Der Vertrag bezweckt die Einführung einer bisher in der gesetzlichen Krankenversicherung nicht zugelassenen Behandlungsmethode. Er gewährt die Therapiefreiheit der Ärzte und damit ihre Entscheidungsfreiheit zur Behandlung mit Avastin, Lucentis oder Macugen ohne wettbewerbsrechtlich zu beanstandenden Druck oder ähnliche Einflüsse. Der als Anlage 1a zum Vertrag verwendete Vordruck weist wahrheitsgemäß darauf hin, dass es sich bei Bevacizumab um ein für diese Behandlung nicht zugelassenes Medikament handelt. Die Einverständniserklärung des Patienten zur Therapie und den damit verbundenen Operationen enthält nicht (mehr) eine vorgedruckte Therapie mit einem bestimmten Präparat oder Wirkstoff, sondern einen individuell auszufüllenden Leerraum. Damit haben Arzt und Patient die Entscheidungsfreiheit für eines der drei Präparate.

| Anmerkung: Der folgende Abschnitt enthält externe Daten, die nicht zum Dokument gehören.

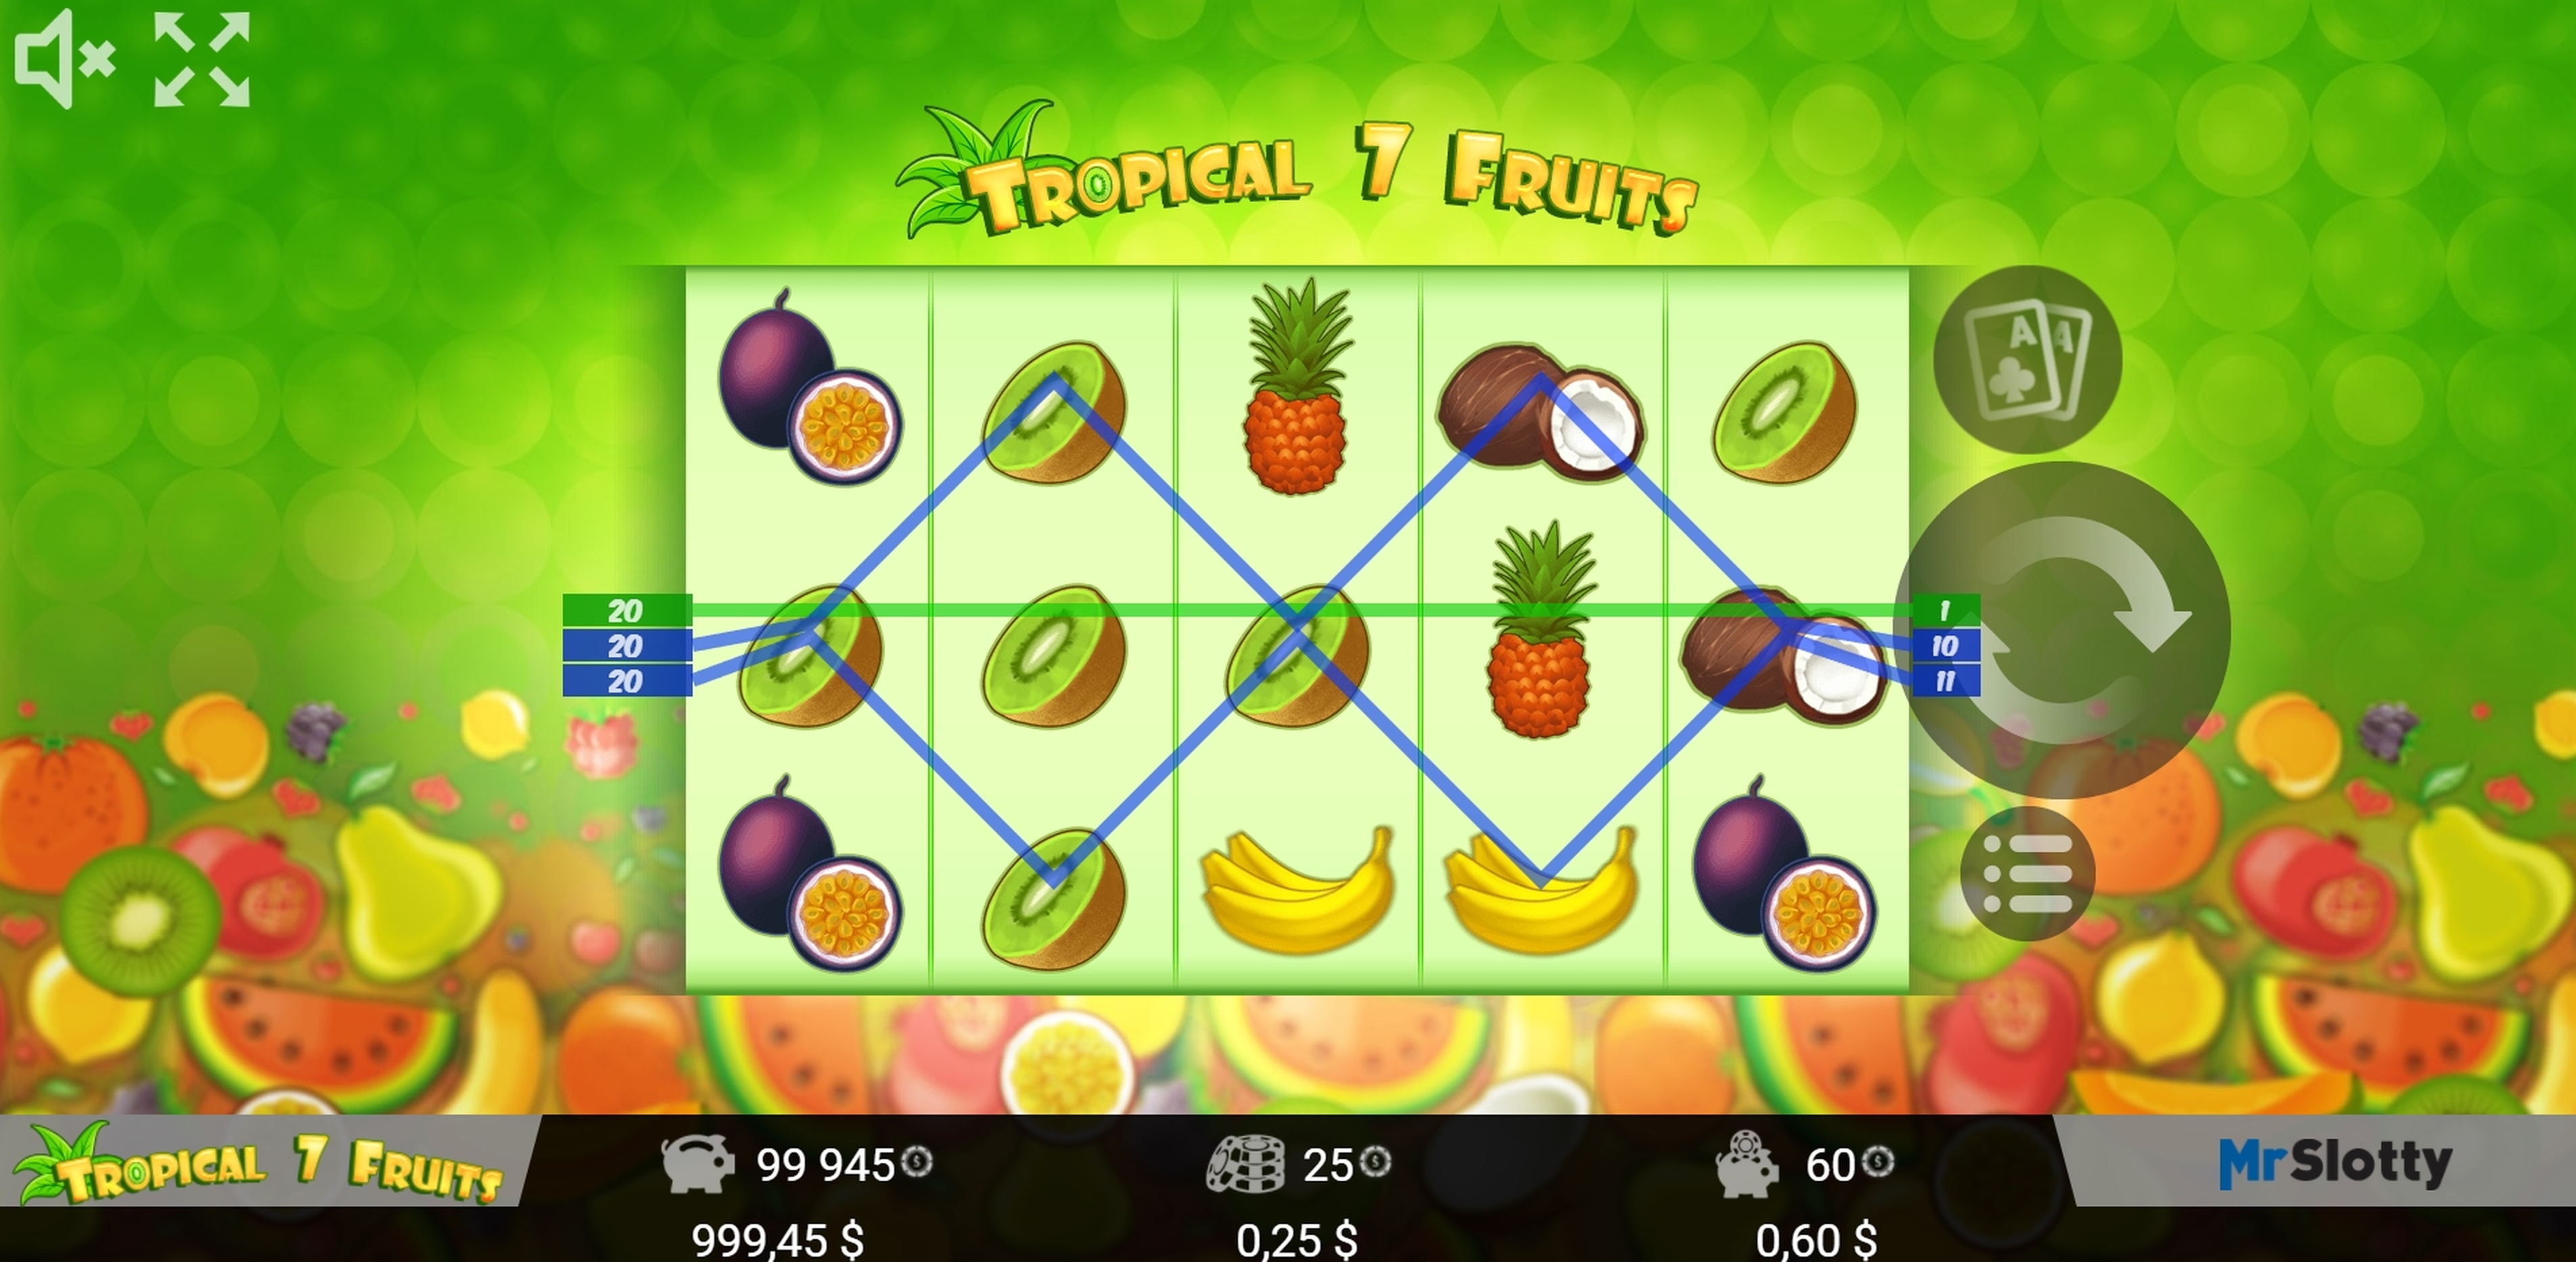 Win Money in Tropical7Fruits Free Slot Game by Mr Slotty

Dass dabei die Willensbildung von Arzt und Patient durch die Bezifferung der Kosten für die Medikamente gesteuert werden soll, ist ein legitimes Anliegen der Vertragspartner. Die Erhaltung der finanziellen Stabilität der gesetzlichen Krankenversicherung ist ein Gemeinwohlbelang von hohem Rang (BVerfGE 68, 193, 218; 82, 201, 230). Dabei ist es ein besonderes Anliegen des Gesetzgebers, die Arzneimittelausgaben zu steuern. Im Jahre 2005 sind die Arzneimittelausgaben - bereinigt um die Rückführung des Herstellerrabatts - um rund 2,5 Mrd. EUR gestiegen (s. die Begründung zum Gesetz zur Verbesserung der Wirtschaftlichkeit in der Arzneimittelversorgung, BT-Drucks. 16/194, 6). In dieser Steigerung der Arzneimittelausgaben sieht der Gesetzgeber einen Verstoß sowohl gegen das Wirtschaftlichkeitsprinzip in der gesetzlichen Krankenversicherung als auch gegen den Grundsatz der Beitragssatzstabilität. Der Gesetzgeber erwartet dabei von allen Akteuren entsprechende Reaktionen. Dazu gehören z.B. gemäß § 84 Abs. 1 Satz 2 Nr. 3 SGB V Sofortmaßnahmen auf sich abzeichnende Überschreitungen des vereinbarten Ausgabenvolumens. Im Gesetz zur Verbesserung der Wirtschaftlichkeit in der Arzneimittelversorgung vom 26.04.2006 (BGBl. I, 984) hat der Gesetzgeber in § 84 Abs. 7a SGB V den Spitzenverbänden der Krankenkassen und der Kassenärztlichen Bundesvereinigung aufgegeben, Durchschnittskosten je definierter Dosiereinheit auf Bundesebene zu vereinbaren, die Bestandteil der Vereinbarung nach § 84 Abs. 1 SGB V sind, wenn die nicht die regionalen Vertragspartner eine abweichende adäquate Regelung zur Verbesserung der Wirtschaftlichkeit der Arzneimittelversorgung treffen (§ 84 Abs. 4a SGB V). Der Gesetzgeber geht bei dieser Regelung von erheblichen Wirtschaftlichkeitsreserven insbesondere bei der therapiegerechten Auswahl von Wirkstoffen und Wirkstoffklassen aus (vgl. LSG NRW, Beschlüsse vom 27.06.2006 - L 11 B 30/06 und 31/06 KA ER -). Solche Aspekte der Kostendämpfung bei den Arzneimitteln beanspruchen auch und gerade im Bereich neuer Behandlungsmethoden - wie hier - Geltung. Angesichts vergleichbarer Wirkstoffe in Avastin und Lucentis kann es deshalb im Rahmen der gebotenen summarischen Prüfung nicht beanstandet werden, wenn die Vertragspartner der gesetzgeberischen Zielsetzung entsprechend preiswertere Alternativen gegenüber einem Quasi-Monopolprodukt in den Vordergrund stellen.

Die Kostenentscheidung folgt aus der entsprechenden Anwendung des § 183 SGG in Verbindung mit Art. 17 Abs. 1 Satz 2 des 6. SGG-ÄndG sowie § 197a Abs. 1 SGG in Verbindung mit §§ 154 Abs. 1, 162 Abs. 1 VwGO.